Dual-pathway framework overcomes the naturalness-intelligibility trade-off in reconstructing authentic speech from brain signals

ON2026-01-14TAG: ShanghaiTech UniversityCATEGORY: School of Biomedical Engineering

Recently, the research group led by Assistant Professor Li Yuanning from the School of Biomedical Engineering (BME) at ShanghaiTech University proposed an efficient acoustic-linguistic dual-pathway framework that achieves reconstruction of sentence-level speech with both naturalness and intelligibility, using only about 20 minutes of high-density electrocorticography (ECoG, a technique that directly records electrical signals from the brain’s cortical surface) data per participant. Their results were published in eLife.

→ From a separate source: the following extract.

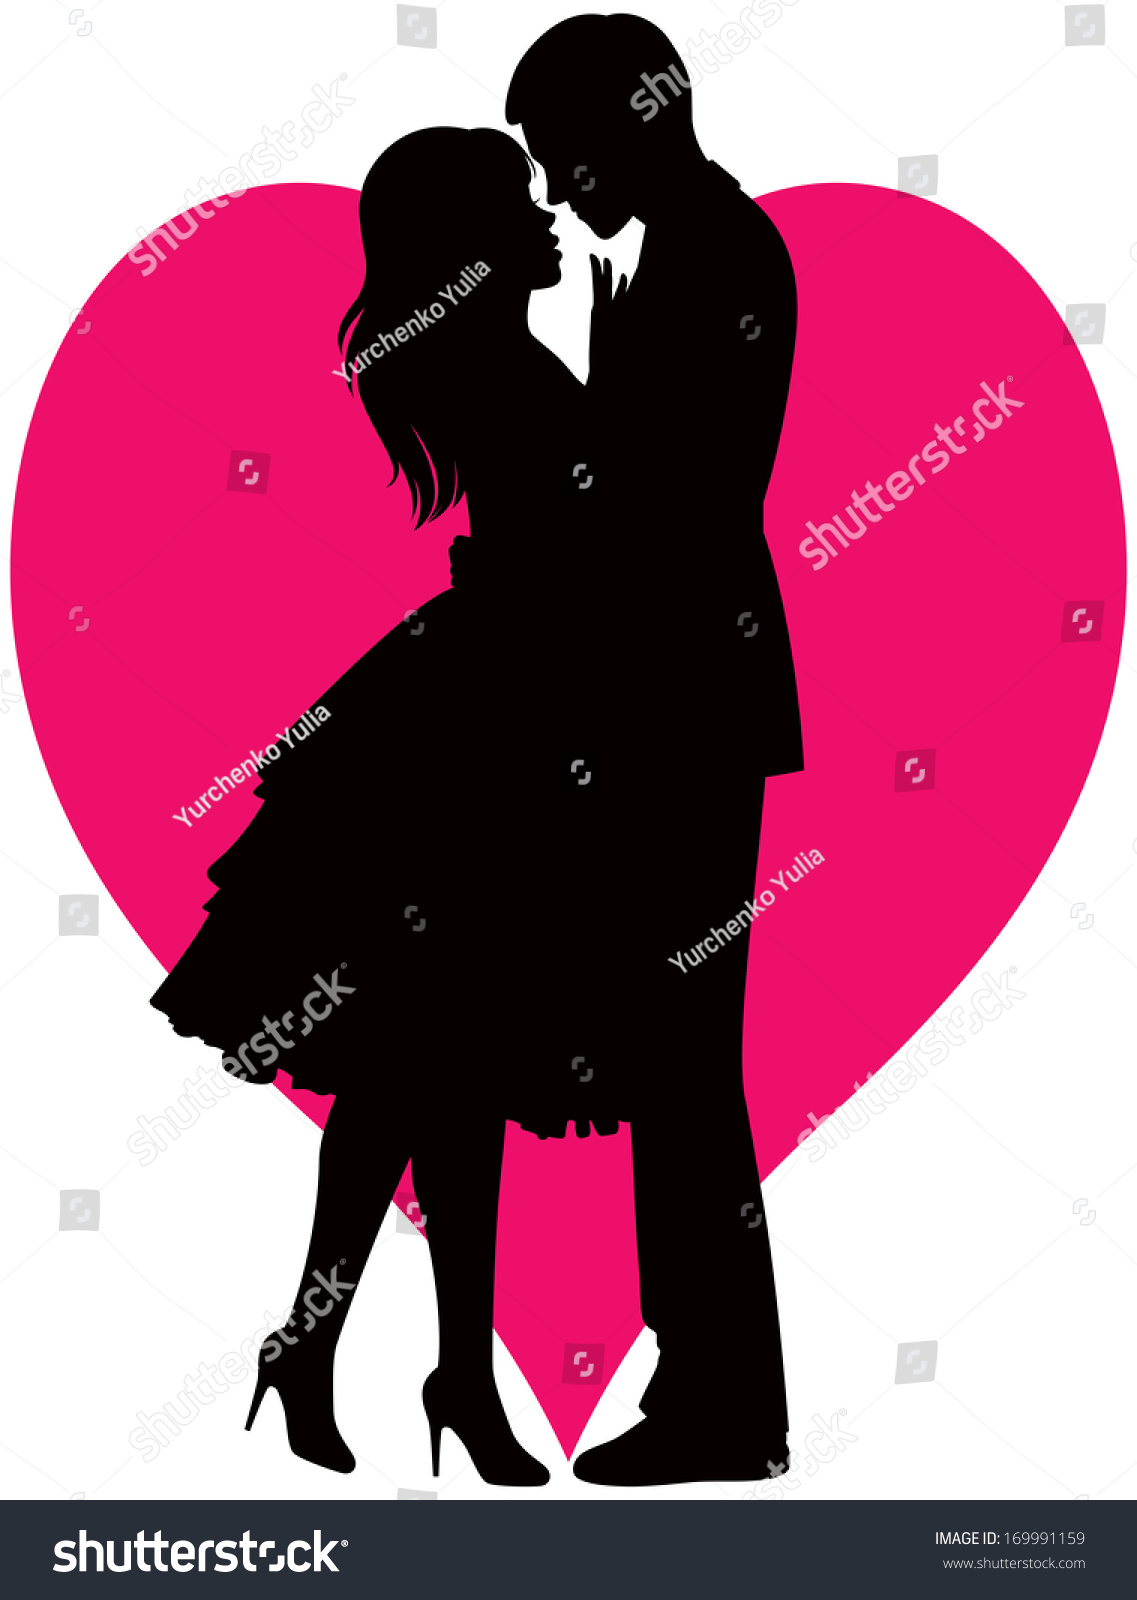 Illustration Black Silhouette Of Lovers Embracing On A White Background

Speech is the most natural form of human communication. Scientists have long sought to understand how the brain encodes speech information, which is not only a core question in cognitive neuroscience but also lays the foundation for brain-computer interface (BCI) technologies—such as helping patients with aphasia (inability to speak) or amyotrophic lateral sclerosis (ALS, also known as Lou Gehrig’s disease) to “speak” directly through brain signals. ECoG technology, with its high temporal and spatial resolution, serves as a key tool for speech decoding, and deep learning algorithms have further accelerated progress in reconstructing speech directly from brain signals. However, the paired brain signal and speech data available in clinical settings is extremely limited (often less than a few hours), making traditional end-to-end models difficult to stabilize. Existing methods typically face a trade-off: one approach reconstructs acoustic features (such as pitch, rhythm, and timbre) for more natural sound but lacks clarity and intelligibility; the other decodes into linguistic units like text or phonemes for easier content understanding but misses real timbre and prosody, resulting in mechanical-sounding voices. The core challenge is: under data-limited conditions, how can we reconstruct complete sentence-level speech that is both natural and clear?



ECoG experimental paradigm and dual-pathway decoding model architecture.


The core innovation of this study is the acoustic-linguistic dual-pathway framework. It cleverly leverages pre-trained speech and AI generative models (which have learned general knowledge from vast amounts of data) to achieve efficient reconstruction under small-sample brain signal conditions. Specifically, the acoustic pathway focuses on capturing “surficial” details of sound, such as pitch, rhythm, and the speaker’s unique timbre, making the reconstructed speech sound more authentic and natural; the linguistic pathway concentrates on decoding more “technical” content, such as words and sentence structures, ensuring the reconstructed speech is accurate and intelligible. The results from the two pathways are then fused through voice cloning technology to generate the final speech output. This not only improves reconstruction quality (mean opinion score approaching 4.0/5.0, word error rate of only 18.9%) but, more importantly, validates the hierarchical representation of speech in the brain: the acoustic richness and linguistic intelligibility can be optimized separately and then synergized. From a broader Neuro-AI (neuroscience and artificial intelligence integration) perspective, this work pioneers a new paradigm—using prior knowledge from AI foundation models combined with brain signal constraints—to reduce data requirements for BCIs, enhance usability, and provide valuable insights for research on aligning brain science with AI representations, such as how AI can better simulate human brain processing of speech.


BME PhD student Li Jiawei is the first author of the paper. Professor Li Yuanning is the corresponding author.